سال انتشار: ۱۳۸۶

محل انتشار: پنجمین کنفرانس بین المللی زلزله شناسی و مهندسی زلزله

تعداد صفحات: ۹

نویسنده(ها):

Ghateh – (M. Sc). International Institute of Earthquake Engineering and Seismology
Shafiee – (Ph. D). International Institute of Earthquake Engineering and Seismology

چکیده:

Compacted aggregate-clay mixtures are successfully used as the core of embankment dams. These materials are usually broadly graded and encompass clay as the main body, and sand, gravel, cobble and even boulder which are floating in the clay matrix. The objective of this paper is to develop a mathematical model for predicting the cyclic deformation properties of aggregate-clay mixtures tested previously by Jafari and Shafiee (2004). A mathematical modeling, which has been shown to have some degree of success, is based on the data alone to determine the structure and parameters of the model. The technique is known as artificial neural networks (ANNs) and is well suited to model complex problems where the relationship between the model variables is unknown.
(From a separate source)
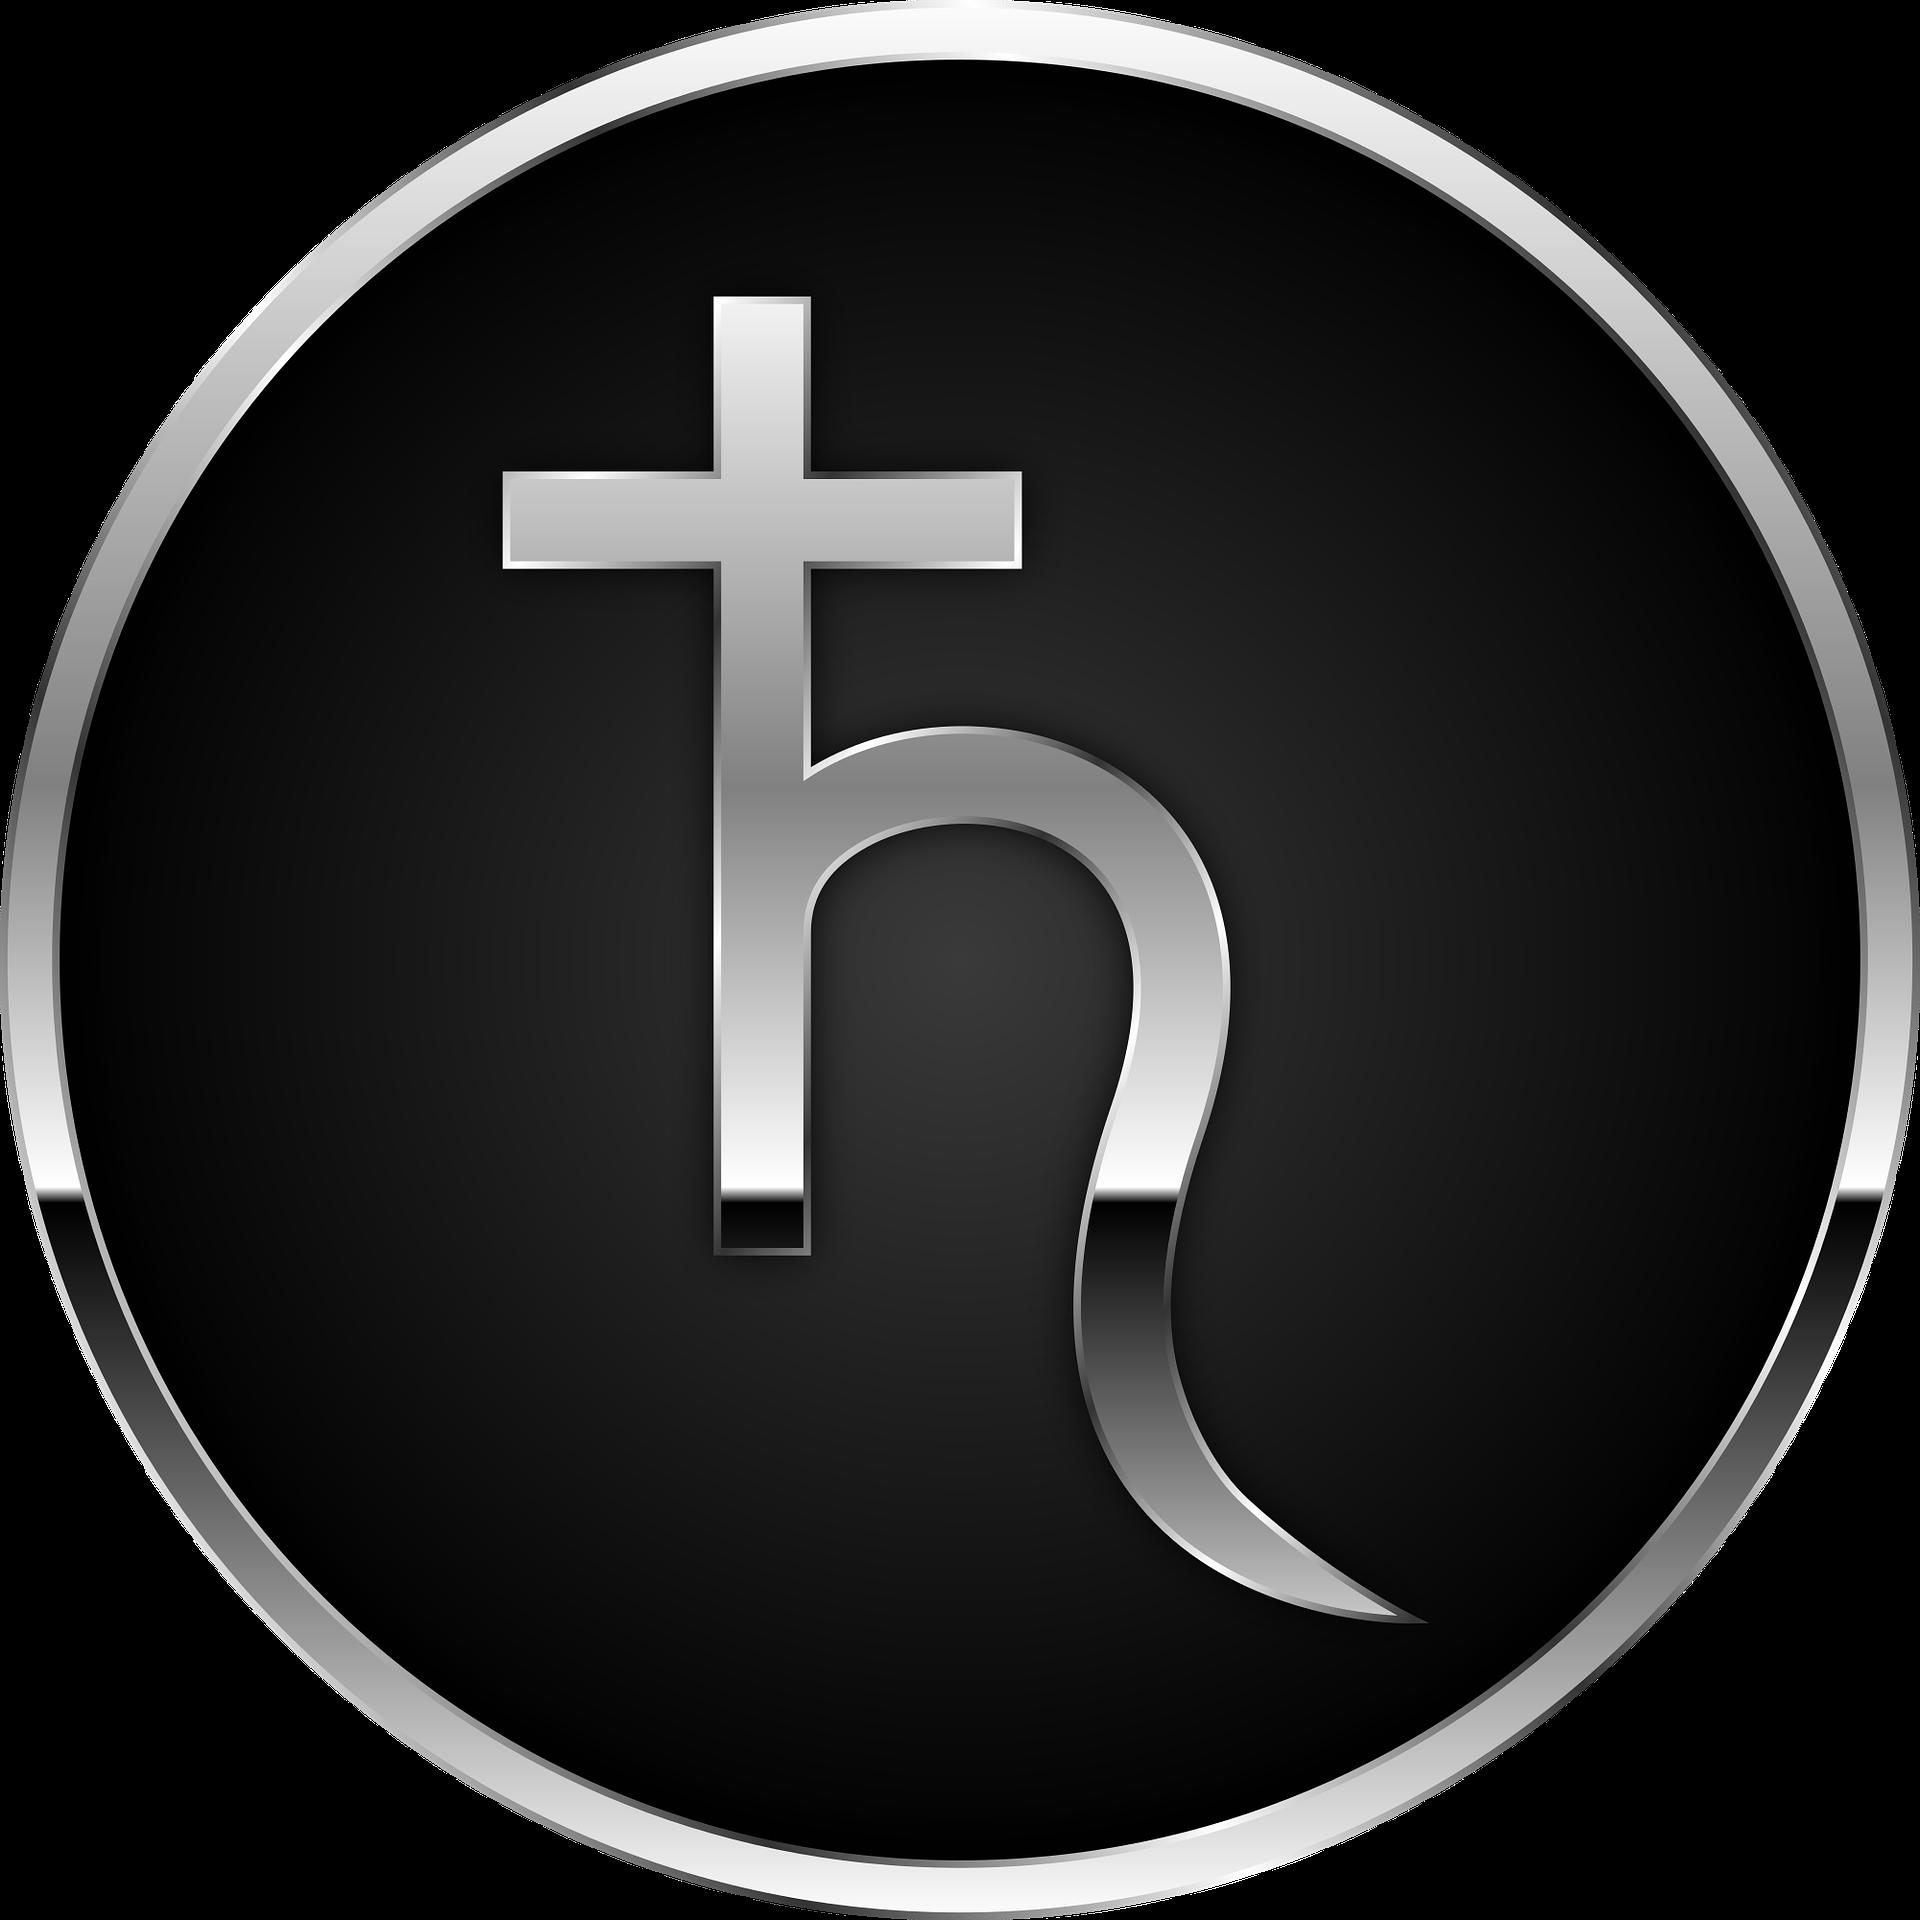 Simbolo di Saturno
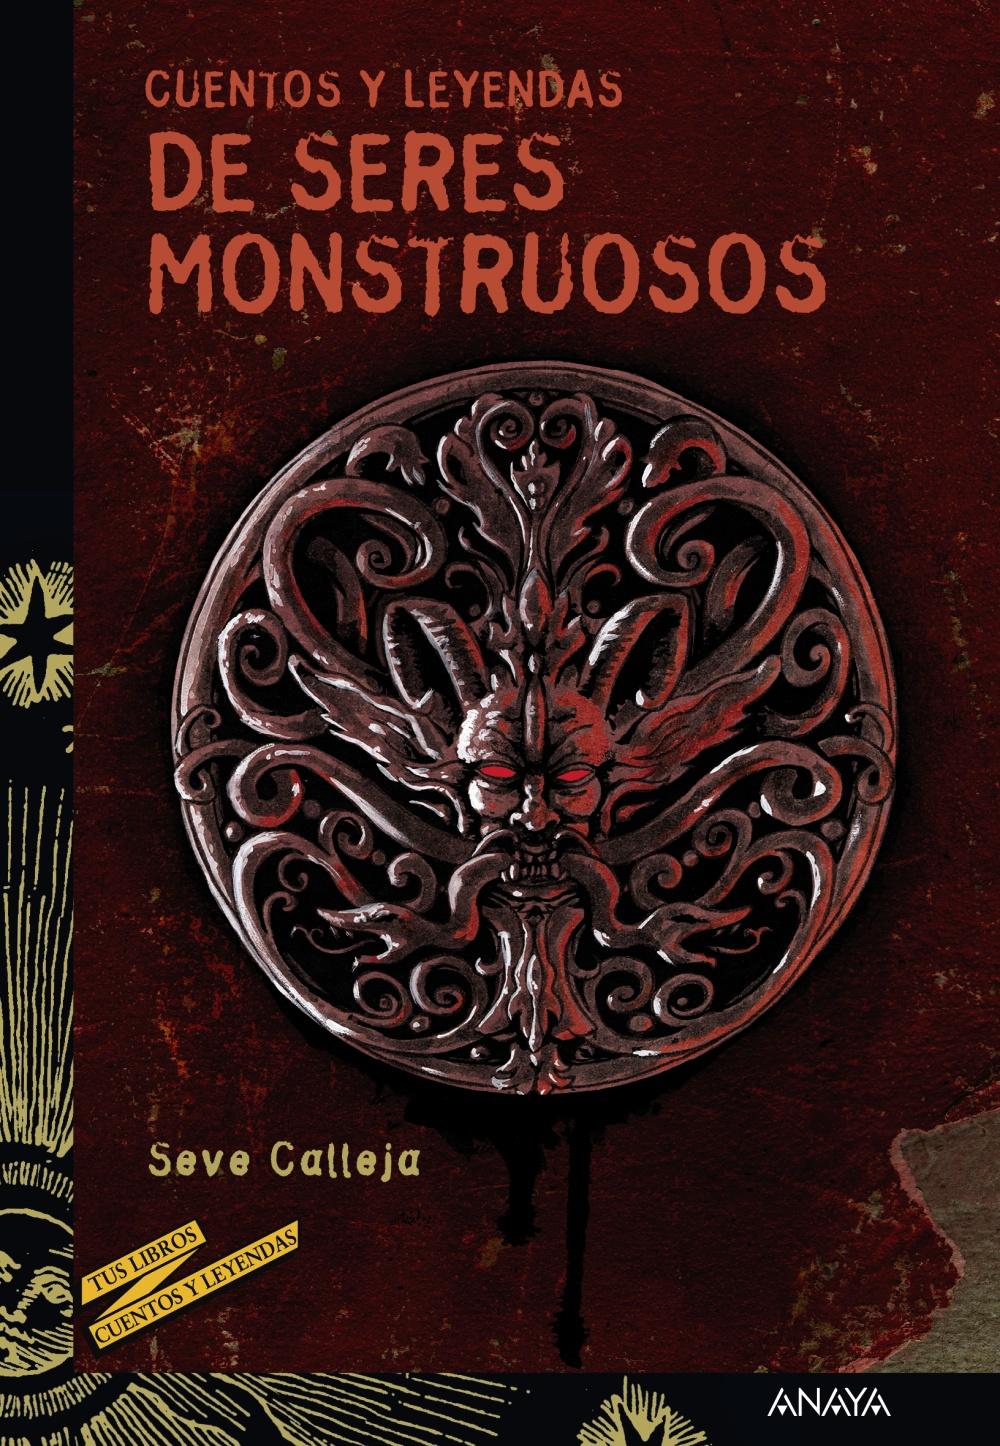 Cuentos y leyendas de seres monstruosos (ebook)

A neural network is a massively parallel distributed processor made up of simple processing units, which has a natural propensity for storing experiential knowledge and making it available for use.
Over the last few years, the use of artificial neural networks (ANNs) has increased in many areas of engineering. In particular, ANNs have been applied to many geotechnical engineering problems and have demonstrated some degree of success. A review of the literature reveals that ANNs has been used successfully in pile capacity prediction, modeling soil behavior, liquefaction, etc. In this paper two MLP models with different architectures are utilized for predicting damping ratio, shear modulus and pore pressure of aggregate-clay mixtures. The reliability of the models is tested using cross validation technique. The data used for training the networks is based on the laboratory tests for determining the dynamic properties of aggregate-clay mixtures. Finally the importance of each input parameter is determined using Garson’s approach.